« Radio VINCI Autoroutes, l’info trafic : Sébastien Drey. Bientôt 8 h 30. Vos conditions de circulation dans le Sud du pays. Peu d’évolutions si vous nous avez suivis un peu plus tôt, à noter qu’un poids lourd est toujours sur la bande d’arrêt d’urgence, du côté de…  »

— Vous pourriez changer de station ?

La conductrice obtempéra, sélectionna Virgin Radio puis reporta sa concentration sur la route.

La voiture filait sur l’A61 en direction de Narbonne.

À l’intérieur, quatre individus. Quatre destins. Des anonymes cachés derrière un pseudonyme, partageant un morceau de vie à grande vitesse grâce à une application de covoiturage.

L’autoroute des Deux-Mers ressemblait à un interminable ruban d’asphalte nimbé de brouillard. À cette heure-ci, la voie rapide était presque déserte, seuls quelques camions immatriculés en Espagne se traînaient sur la droite. À une vitesse de croisière de cent trente kilomètres à l’heure, la voiture dépassait ces pachydermes de métal.

Assis à l’arrière, il y avait le taciturne Charlie3131. Conformément à ce qui était stipulé sur son profil, il n’aimait pas faire la conversation, il fixait le paysage monotone d’un air désabusé. Soit.
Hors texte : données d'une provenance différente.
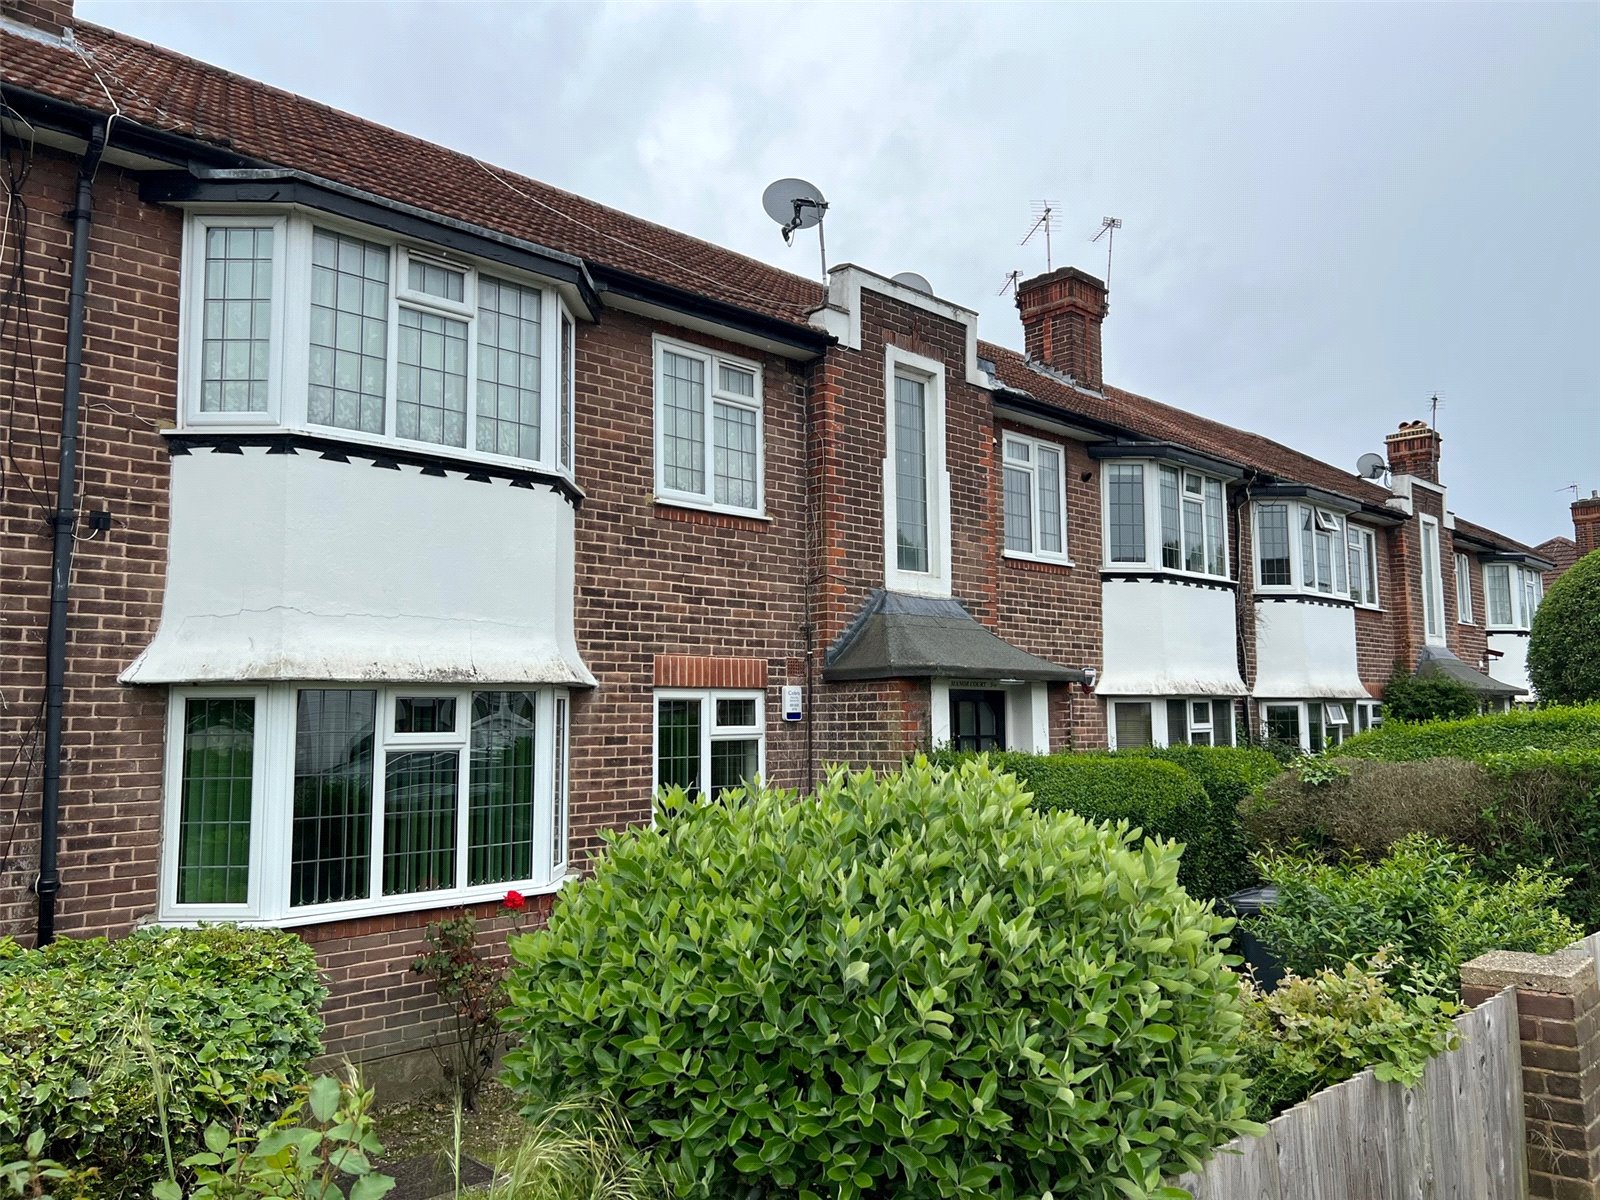 2 bed apartment to rent in York Way, Whetstone, N20

À ses côtés se tenait Lotus M, qui pianotait nerveusement sur son smartphone depuis le départ. C’était elle qui avait demandé à changer de station de radio.

Devant, Coccinelle échangeait des banalités avec Bébé31, la conductrice, d’une humeur plutôt morose malgré son statut d’ambassadrice mentionné sur l’appli.

Un silence pesant finit par s’installer.

Les quatre voyageurs étaient partis de Toulouse depuis un peu plus d’une heure, pourtant l’envie de faire une halte s’imposait déjà à eux. Ils avaient effectué plus de la moitié du trajet jusqu’à Perpignan – leur destination finale –, aussi décidèrent-ils après concertation de s’arrêter.

Un panneau apparut, tel un signe providentiel, pour le plus grand bonheur des vessies pleines et des organismes en mal de nicotine : aire de Gignac.

La voiture se déporta sur la droite, suivit le lacet vers l’aire de repos en ralentissant. Le parking était enclavé de brume, abandonné, à l’exception d’un véhicule garé sur une place pour handicapé, près des toilettes.

Un bouquet d’arbres entourait les sanitaires, les cimes disparaissaient dans la grisaille oppressante. Des sacs-poubelle, des cartons de fast-food et des packs de bière étaient entassés à côté des conteneurs à déchets semi-enterrés. Une nuée de mouches tourbillonnait autour. Des flaques nauséabondes s’étalaient sur le trottoir jonché de mégots et d’emballages. C’était glauque. Dégueulasse. Les paroles de I Heard It Through the Grapevine, par le groupe américain Creedence, émanaient des enceintes disséminées dans les toilettes et flottaient dans l’air, ajoutant une note incongrue à ce décor passablement étrange, un décalage entre la mélodie entraînante et cette atmosphère poisseuse digne d’un Tarantino.

L’endroit était calme. Trop calme.

La voiture se gara à une dizaine de mètres de l’autre véhicule.

En sortant, aucun des quatre voyageurs ne remarqua l’homme au physique de colosse dans les sanitaires. Un homme recouvert de sang.